Kyle feels the smile sneak onto his face, peers at the kitchen table. Only half the food is on a plate, Kenny in the middle of transferring the rest from their bags and containers. Brisket sits on a too small plate, slices of meat sloppily crowded into a pile, all doused in juice. Short stacks of latkes occupy a too large platter, little towers of fried potato set up like a fort, ready to compliment the strips of tender beef. A white box holds a whole honey cake, loaded with sugar and sweetener, a single bite promising diabetic shock. Clumps of tzimmes tumble from plastic cup to ceramic bowl, Kenny probably wondering why Kyle likes carrots drenched in honey, but decidedly upholding the sacred principle of to each their own.

Kenny looks up from the bits of chopped orange, his gaze shifting to Kyle. Sweat greases blond hair, and violet accents blue eyes, but Kenny couldn't look happier. Kyle's stupidly happy expression rubs off on him, Kenny taking pride in every ounce of joy brimming in those green eyes. A smirk teases at his lips, "So did ya get me the honey sticks?"

Kyle pulls out a chair, rolls his eyes as he sits. He plucks two plastic tubes of honey from his pocket, watches Kenny's eyes glimmer.
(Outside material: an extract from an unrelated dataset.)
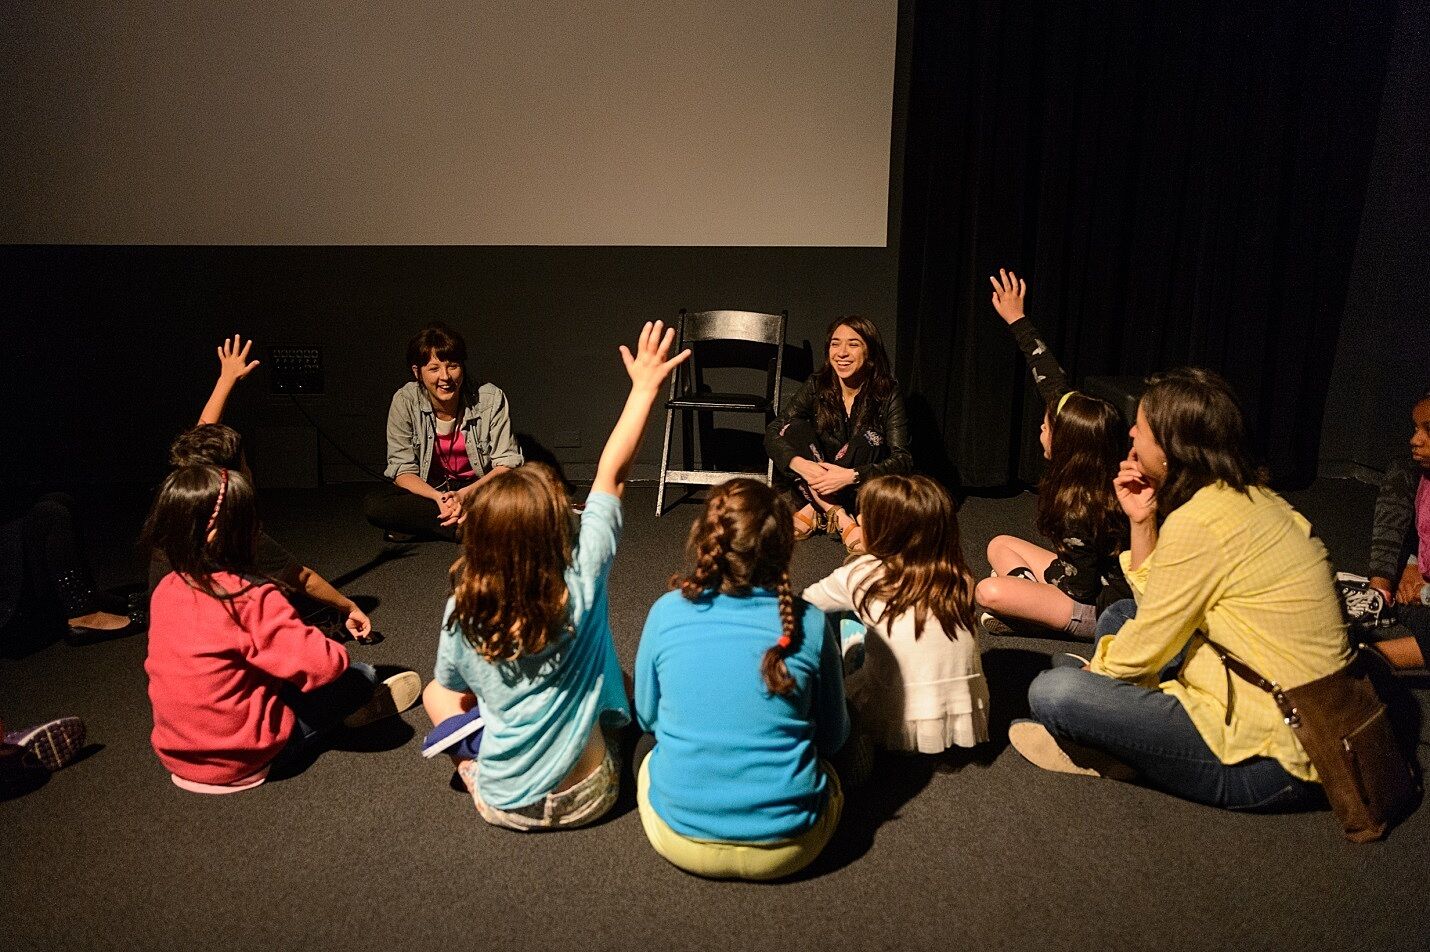 Children and parents raise their hands with questions in a circle around the artist.

An eager hand reaches out, but Kyle holds the honey sticks away, playfully twisting them between his fingers. Kenny pouts, and Kyle drawls, "Y'know, I already said yes to marrying you, right? You don't need to do crap like this."

"I don't," Kenny shrugs, casual, nonchalant. Then, in a blink, he leans in close, leaving barely any distance. Kenny's like a shot of whiskey, a whiff enough to make him dizzy, a sip enough to sear his throat. Kyle can get drunk off just the heat of his lips, the taste of his breath, "But you love when I do."

"Fuck you," Kyle says, because it's true, because Kyle loves Kenny pulling this saccharine shit, because Kyle loves Kenny to a cloying extreme. They both laugh when they kiss, probably look as dumb as they feel, not that they care, not that it matters. All they feel is apples and honey and how much they love each other. L'shanah tovah.